As for how she treated you, all you’ve described to me is intimacy. An amorphous, gray intimacy that hangs, motionless, between the platonic and the romantic. I have no details of your chats, other than them being “personal” and containing “suggestions” and requests for “affirmations,” all of which occur daily among friends, male and female, old and new. It sounds like you guys have different concepts of how friends behave; that level of closeness could be perfectly run-of-the-mill for her, and she may have been oblivious to how you’d interpret it. You said you asked for clarity, but how specific were you? It’s one thing to ask, “do you treat all your guy friends like this?” and another to ask, “do you have romantic feelings for me?” We both know which one’s more direct and thus, fair.
The thing about being led on is it’s completely subjective. And this subjectivity has disproportionately harmed women throughout history, i.e., we are our sweet, oversharing selves toward a guy and, when he realizes it wasn’t intended romantically, he becomes angry and lashes out. I’m not suggesting you’re doing that whatsoever. I’m just acknowledging the very real disparity here in how we’re allowed to act toward men without being accused of flirtation or worse.

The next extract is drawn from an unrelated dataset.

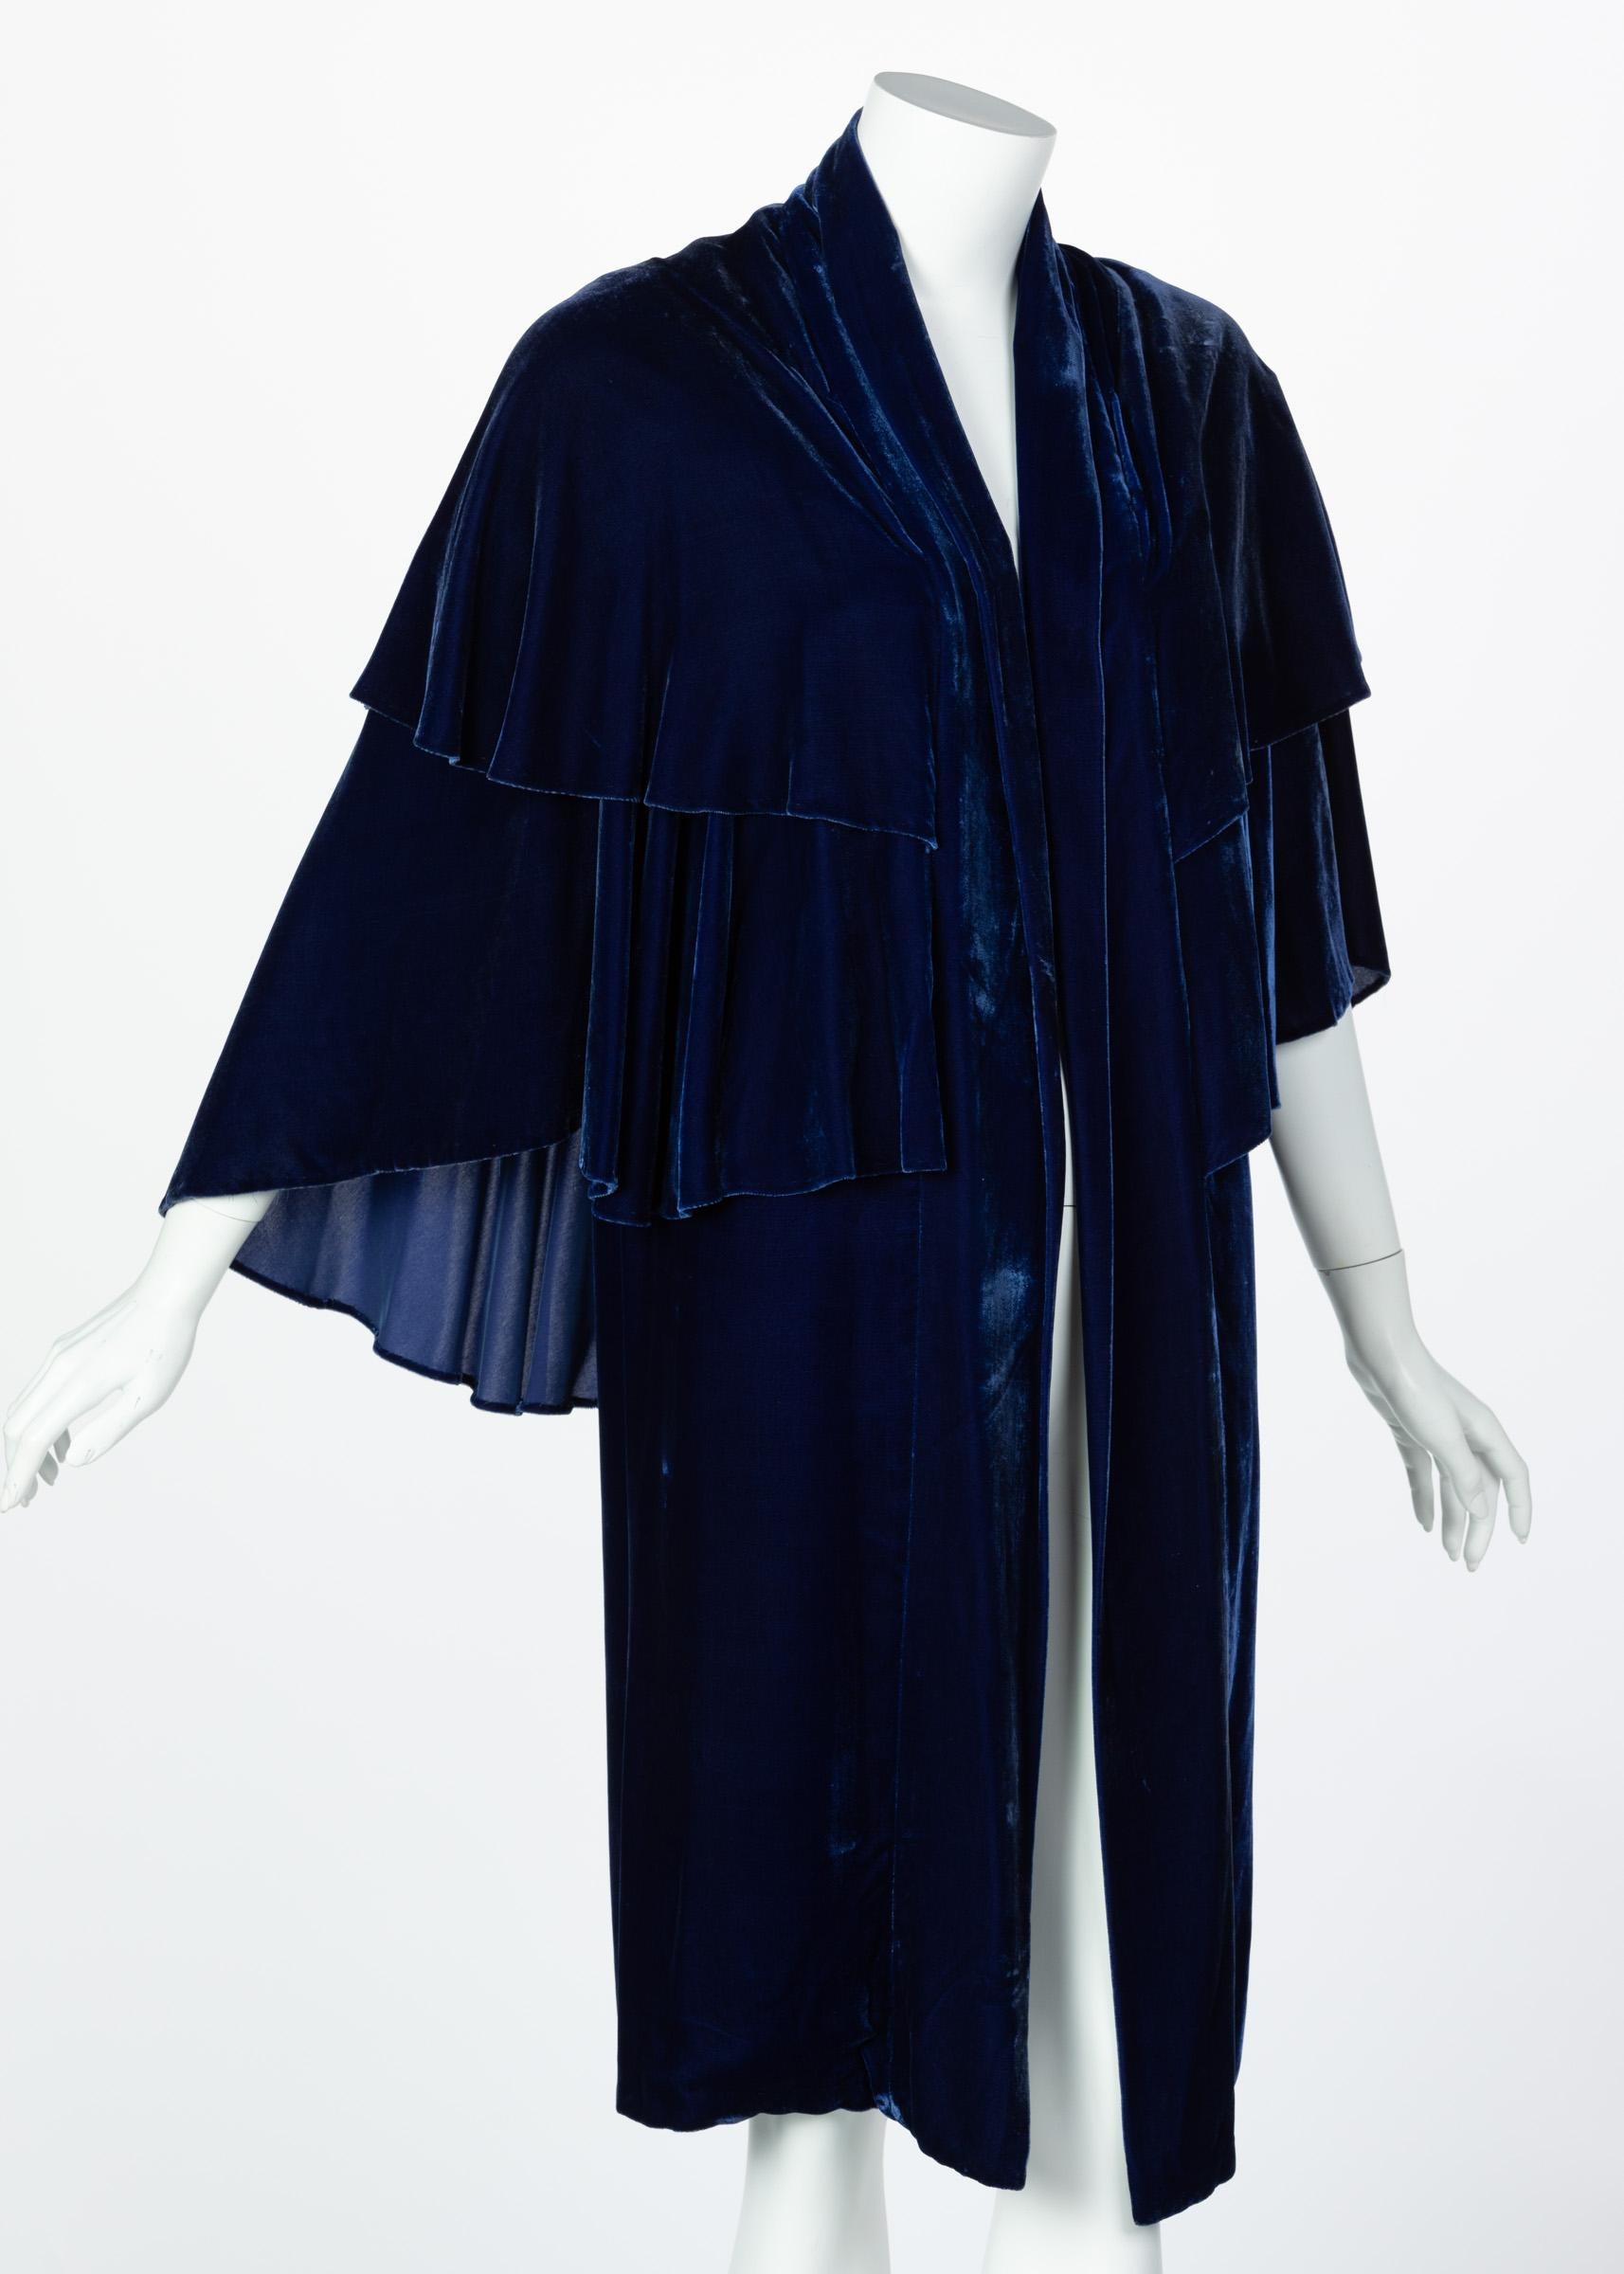 I Magnin & Co. Blue Silk velvet Evening Cape Coat, 1930s In Good Condition For Sale In Boca Raton, FL
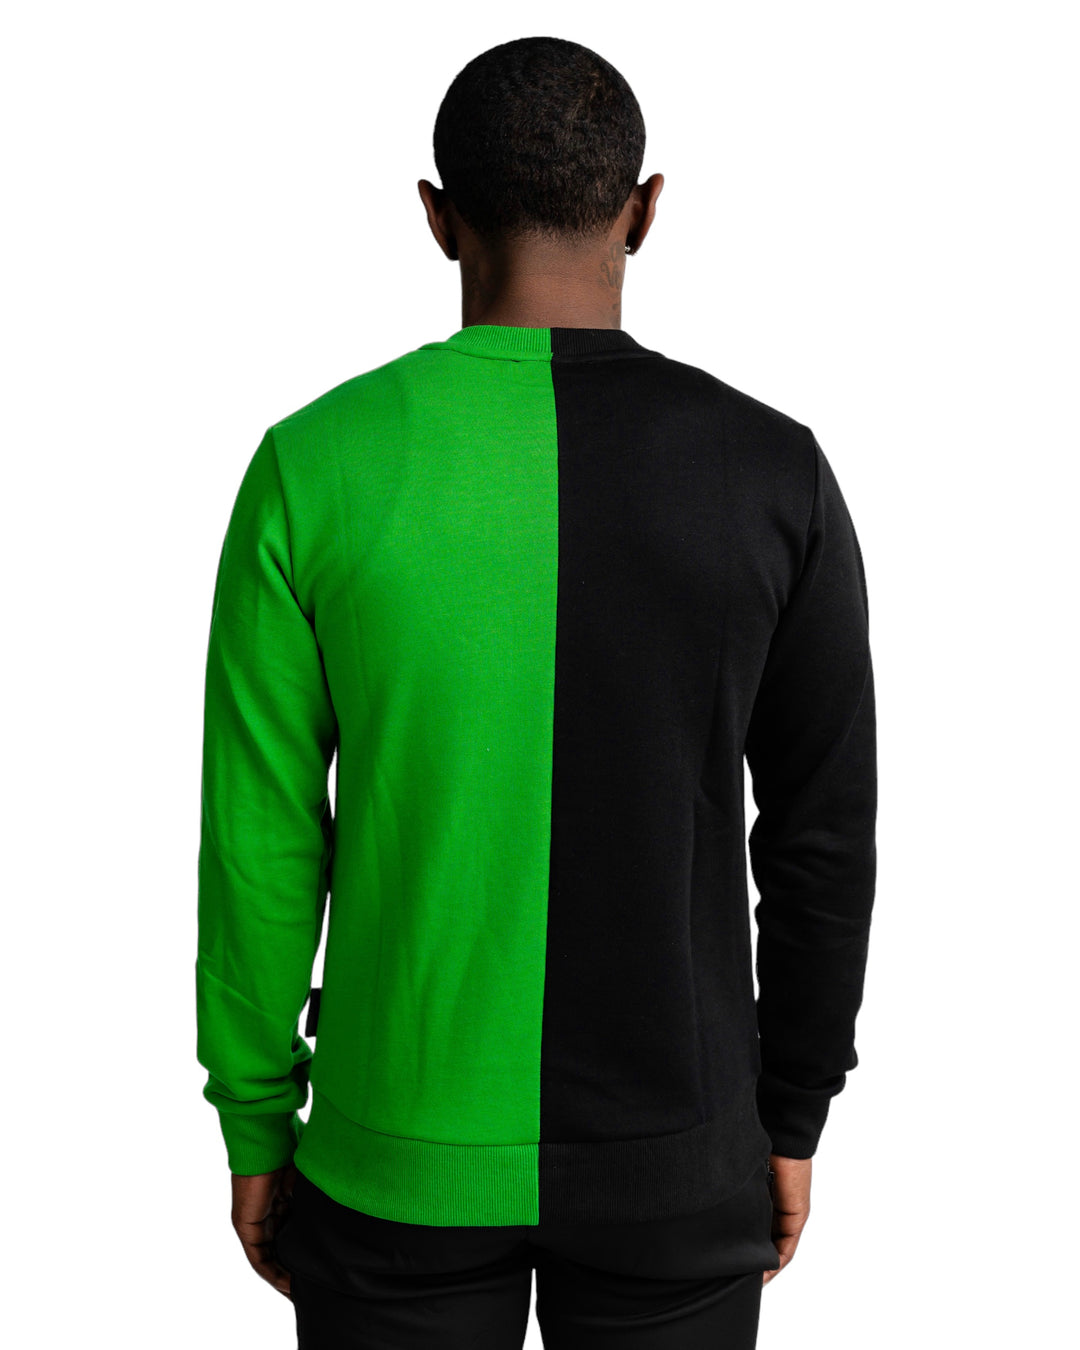 Split Sweater in Black/Green

I want to end on a positive note, Disappointed Dave. Even if you got the wrong impression, you gave someone permission to be their full, loving self with you. You got to experience deep connection. These are beautiful things. I urge you to explore that perspective, as it offers you both grace and tells a good story. Plus, she said your chats were relaxing. You can take that calming energy into your next relationship and have it returned tenfold.